Aim: We aim to investigate the incidence and associated factors of vitamin D deficiency, a seldom reported factor, in patients with stages 1 and 2 chronic kidney disease (CKD) in southern China. Methods: We conducted a single-center observational study. Hospitalized patients over 14 years old, who were diagnosed with stages 1 and 2 CKD and had their serum 25-hydroxyvitamin D [25 (OH) D] measured, were included.

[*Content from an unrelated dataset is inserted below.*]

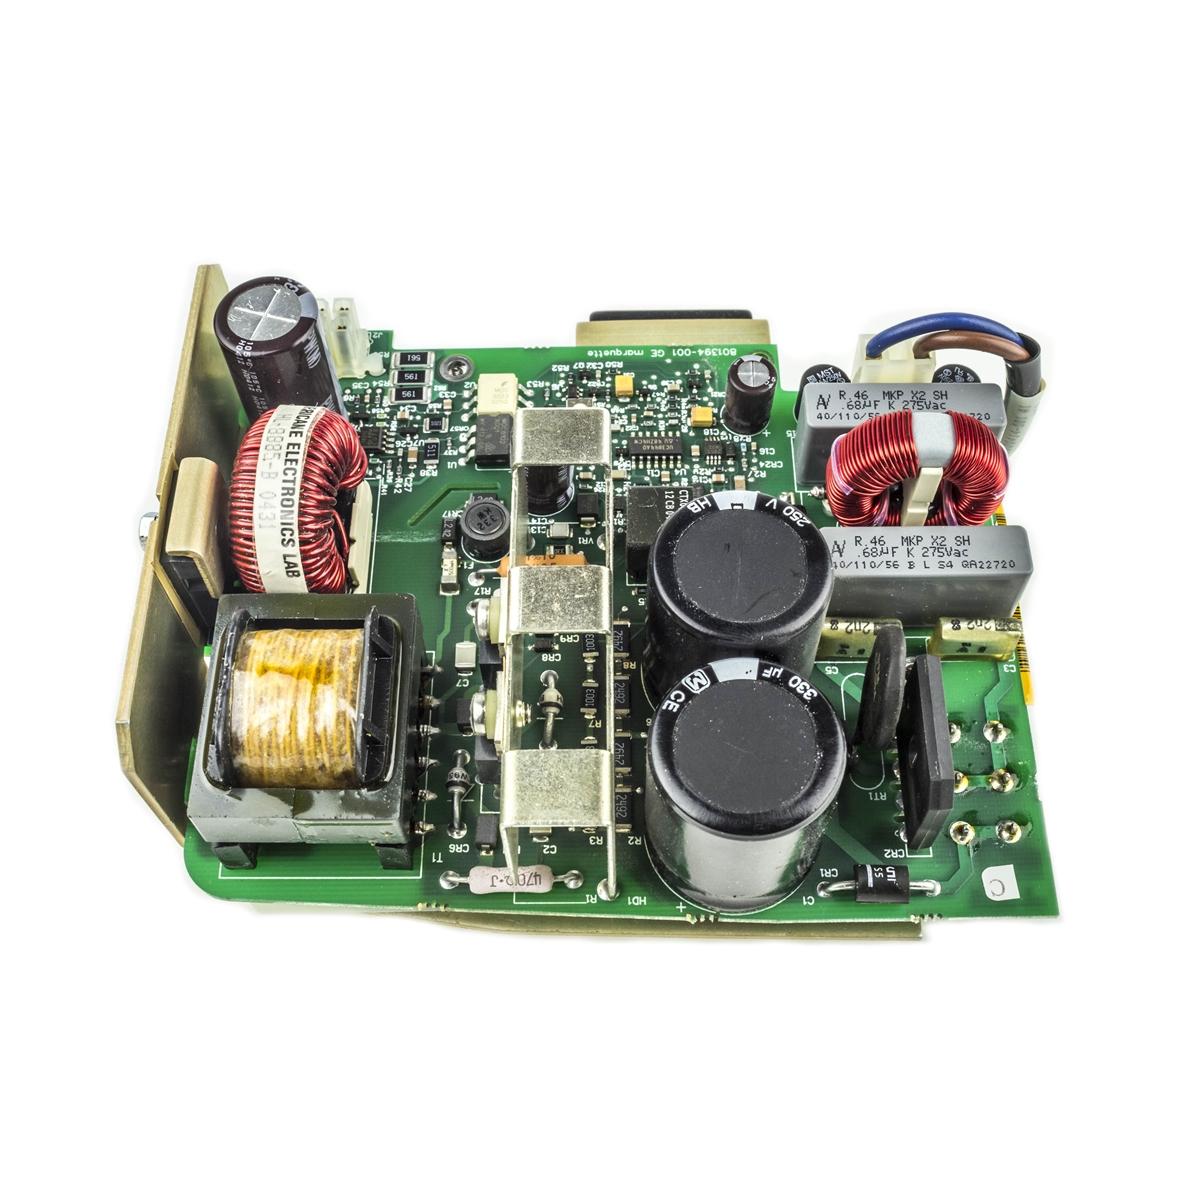 GE Dash 3000 4000 5000 Patient Monitor Power Supply Circuit Board & Ge Dash Schematic Diagram on
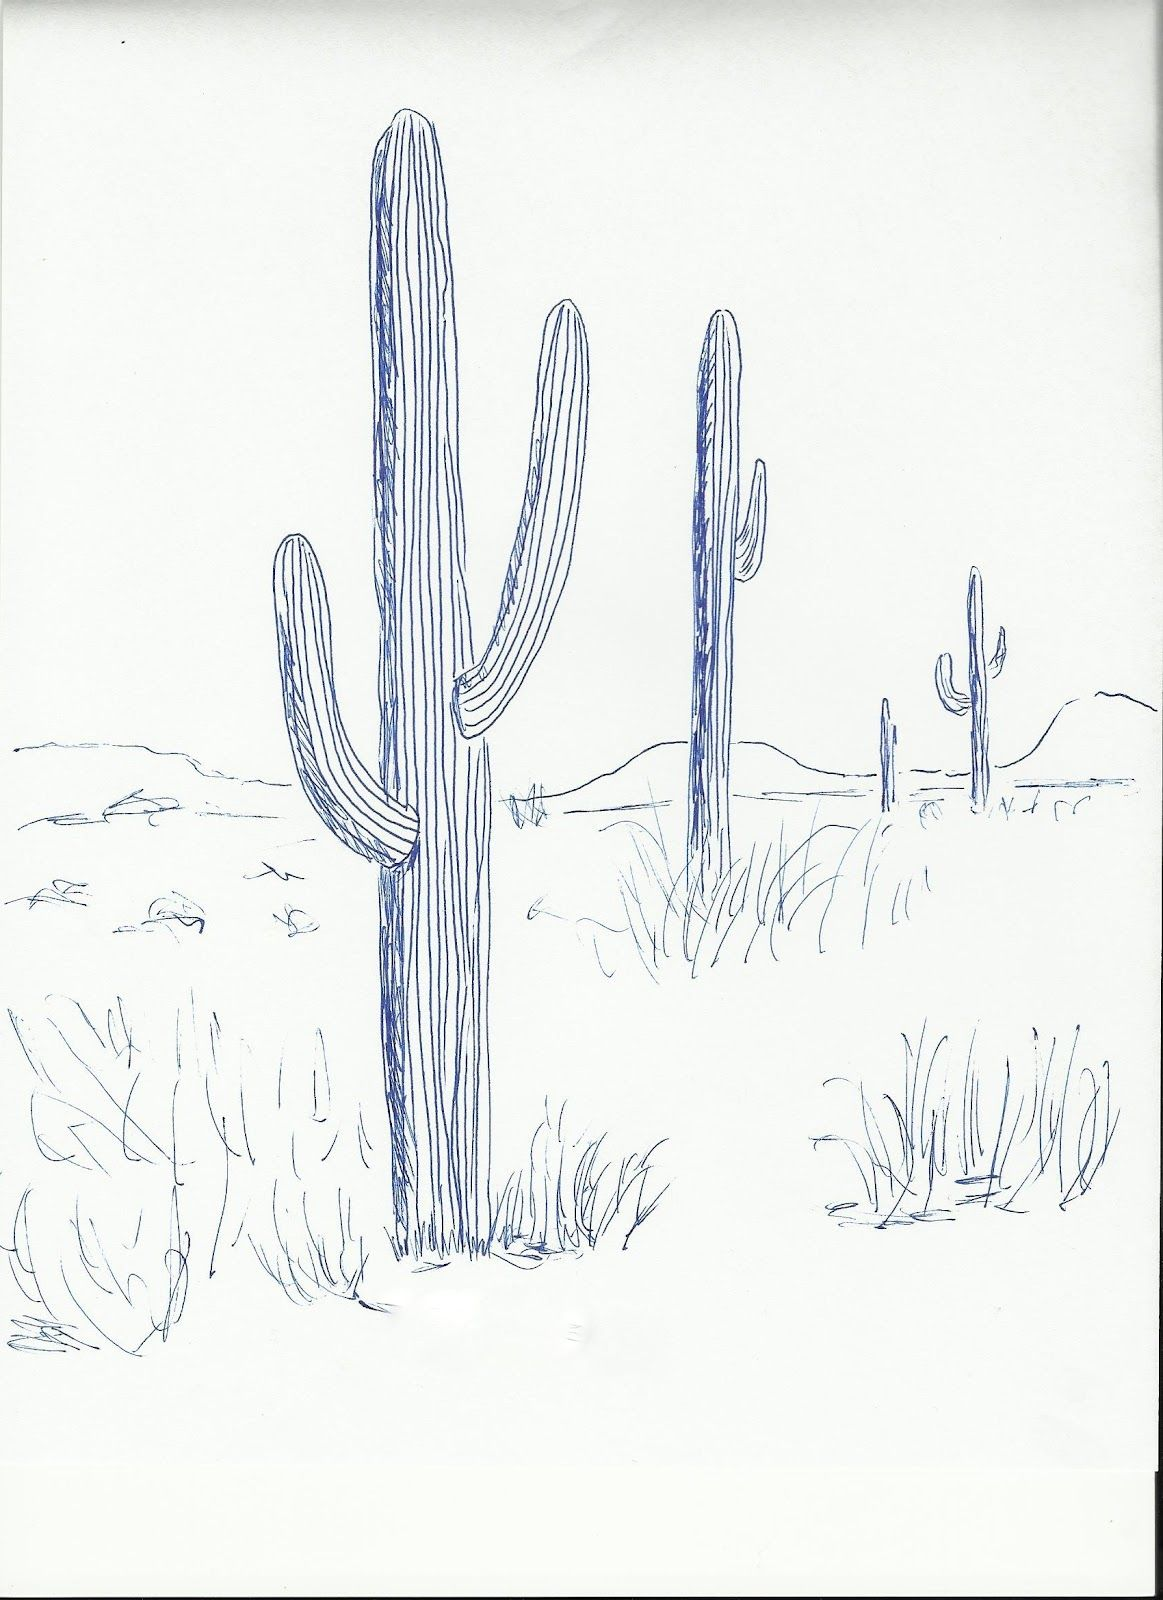 Cactus | Art class ideas | Teach art | Pinterest | Cactus, Dibujo y ...

Patients were divided into vitamin D deficient and non-deficient groups depending on the cutoff serum 25 (OH) D value of 37 nmol/L. Clinical and biochemical parameters were evaluated for associated factors of vitamin D deficiency by logistic regression. Results: A total of 118 patients were included, of which 62 (52.5%) were vitamin D insufficient and 47 (39.8%) were vitamin D deficient. Using multivariate binary logistic regression analysis, high serum level of gamma-glutamyl transpeptidase (GGT) (OR = 5.163; 95%CI, 1.105-24.130; P = 0.037), dyslipidemia (OR = 3.083; 95%CI, 1.029-9.243; P = 0.044), 24-hour urinary protein excretion (UPE) ≥3.5 g/24 hrs (OR = 5.010; 95%CI, 1.316-19.074; P = 0.018), and treatment with glucocorticoids (OR = 2.973; 95%CI, 1.093-8.084; P = 0.033) were independently associated with vitamin D deficiency. In addition, among different types of nephropathy, minimal change disease (MCD) had the highest incidence (85.7%) of vitamin D deficiency. Conclusion: Poor vitamin D status is common in patients with stages 1 and 2 CKD in southern China. The incidence of vitamin D deficiency is 39.8%. High serum GGT level, dyslipidemia, 24-hour UPE ≥3.5 g/24 hrs, and treatment with glucocorticoids are independent associated factors of vitamin D deficiency.

Keywords: 25-hydroxyvitamin D, chronic kidney disease, vitamin D deficiency


How to cite this article:
Feng M, Lv J, Huang F T, Huang R, Qiu Q, Tang Y, Xu A P. Vitamin D deficiency in patients with stages 1 and 2 chronic kidney disease in Southern China. Niger J Clin Pract 2018;21:1639-44

How to cite this URL:
Feng M, Lv J, Huang F T, Huang R, Qiu Q, Tang Y, Xu A P. Vitamin D deficiency in patients with stages 1 and 2 chronic kidney disease in Southern China. Niger J Clin Pract [serial online] 2018 [cited 2019 Jun 20];21:1639-44. Available from: http://www.njcponline.com/text.asp?2018/21/12/1639/247669




   Introduction Top


Mounting evidence shows that chronic kidney disease (CKD) is a major global health problem nowadays. More than 10% of the entire population is in different stages of CKD.[1]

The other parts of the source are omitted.